Root@s4:/mnt/s2fs# ls-al / mnt/s1fs/

Total 4

Drwxr-xr-x 1 root root 0 May 8 2014. /

Drwxr-xr-x 7 root root 4096 May 8 17:28.. /

Root@s4:/mnt/s2fs# ls-al / mnt/s3fs/

Total 4

Drwxr-xr-x 1 root root 0 May 8 18:07. /

Drwxr-xr-x 7 root root 4096 May 8 17:28.. /

Next, let's verify a single point of failure:

Stop the S1 service

The code is as follows:

Root@s1:~# / etc/init.d/ceph stop

= mon.a = =

Stopping Ceph mon.an on S1... Kill 965... Done

= mds.a = =

Stopping Ceph mds.an on S1... Kill 1314... Done

= osd.0 = =

Stopping Ceph osd.0 on S1... Kill 2265... Done

The log on S2 immediately displays:

It saves a lot, which basically means that the mon monitoring center finds out, removes the faulty nodes, switches automatically, and the cluster recovers.

The code is as follows:

2014-05-09 10 a5af0b40 16 fault with nothing to send 44.906370 a5af0b40-192.168.242.129 0xb1e1b1a8 sd=19 pgs=3 cs=3 6802 pipe 1495 > > 192.168.242.128 purl 6802 pipe 1466 (0xb1e1b1a8 sd=19 pgs=3 cs=3 lump 0).

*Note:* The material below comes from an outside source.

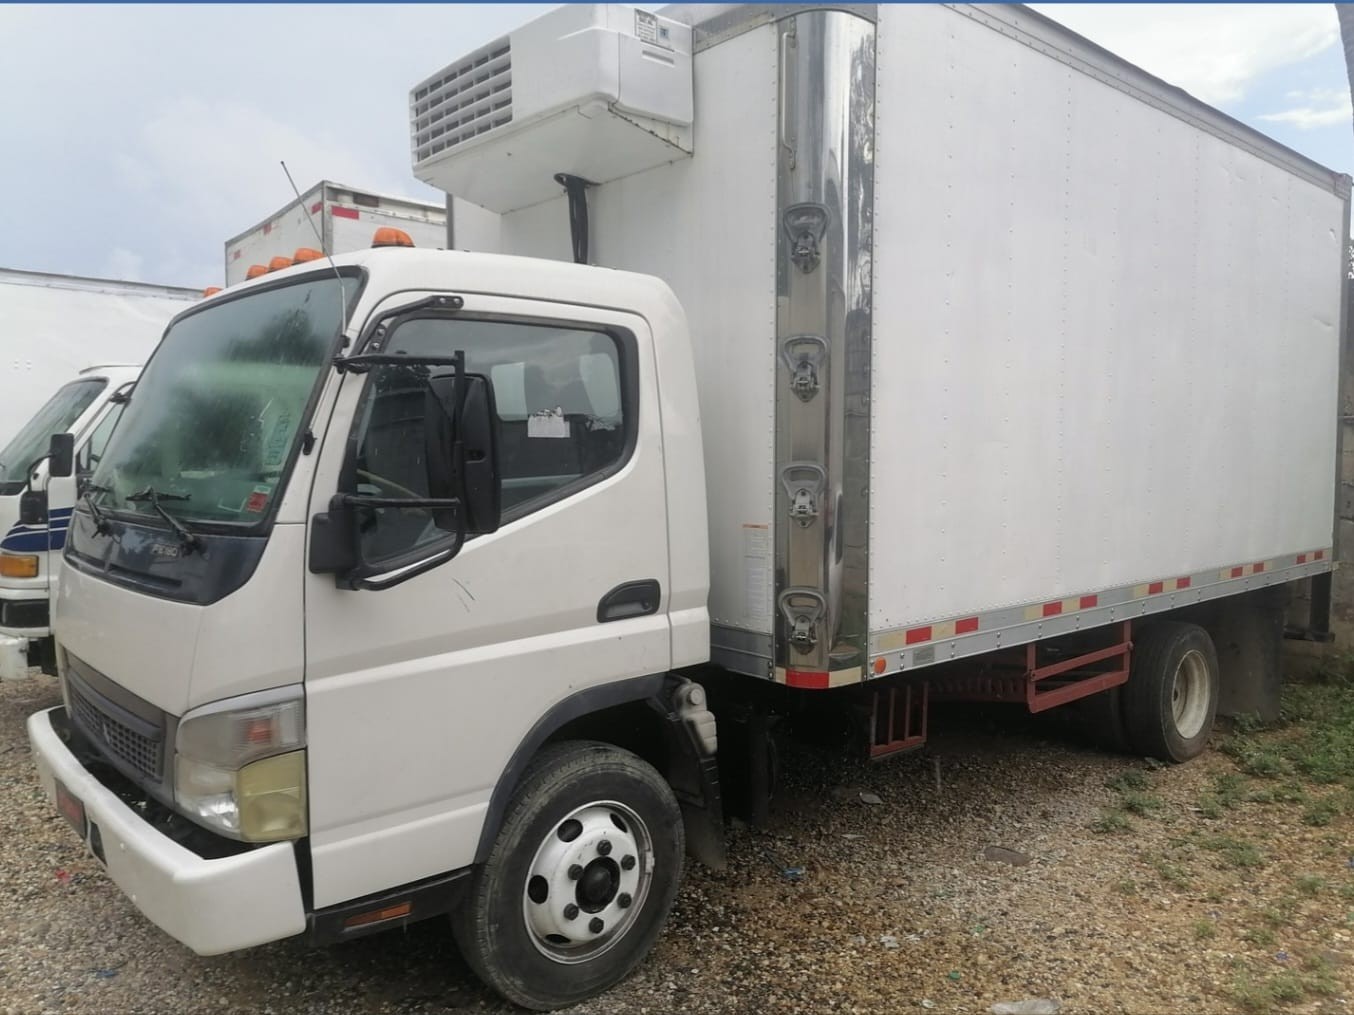 camiones y vehiculos pesados - Mitsubishi fuso 2006 refrigerado  1

2014-05-09 10 a68feb40 16 fault with nothing to send 44.906982 fault with nothing to send-192.168.242.129 0xa6e00d50 sd=17 pgs=1 cs=1 6803 pipe 1495 > 192.168.242.128 0xa6e00d50 sd=17 pgs=1 cs=1 1467.

2014-05-09 10 0xb1e26d50 sd=20 pgs=1 cs=1 16 a63f9b40 44.907415 fault with nothing to send-192.168.242.129 0xb1e26d50 sd=20 pgs=1 cs=1 1506 > 192.168.242.128 14803 pipe (0xb1e26d50 sd=20 pgs=1 cs=1 lump 0).

2014-05-09 10 b5199b40 mds.0.6 handle_mds_map i am now mds.0.6 16purl 49.028640

2014-05-09 10 16purl 49.029018 b5199b40 mds.0.6 handle_mds_map state change up:reconnect-> up:rejoin

2014-05-09 10 b5199b40 mds.0.6 rejoin_joint_start 16purl 49.029260

2014-05-09 10 b5199b40 mds.0.6 rejoin_done 16purl 49.032134

= > / var/log/ceph/mon.b.log / var/log/ceph/mds.b.log up:active

2014-05-09 10 1614 49.073252 b5199b40 mds.0.6 recovery_done-successful recovery

2014-05-09 10 b5199b40 mds.0.6 active_start 16purl 49.073871

2014-05-09 10 b5199b40 mds.0.6 cluster recovered 16charge 49.073934.

= = > / var/log/ceph/mds.b.log up:active

2014-05-09 10 1614 49.073252 b5199b40 mds.0.6 recovery_done-successful recovery

2014-05-09 10 b5199b40 mds.0.6 active_start 16purl 49.073871

2014-05-09 10 b5199b40 mds.0.6 cluster recovered 16charge 49.073934.

= > / var/log/ceph/mon.b.log / var/log/ceph/mds.c.log / var/log/ceph/osd.2.log

Welcome to subscribe "Shulou Technology Information " to get latest news, interesting things and hot topics in the IT industry, and controls the hottest and latest Internet news, technology news and IT industry trends.

*The comments in the above article only represent the author's personal views and do not represent the views and positions of this website. If you have more insights, please feel free to contribute and share.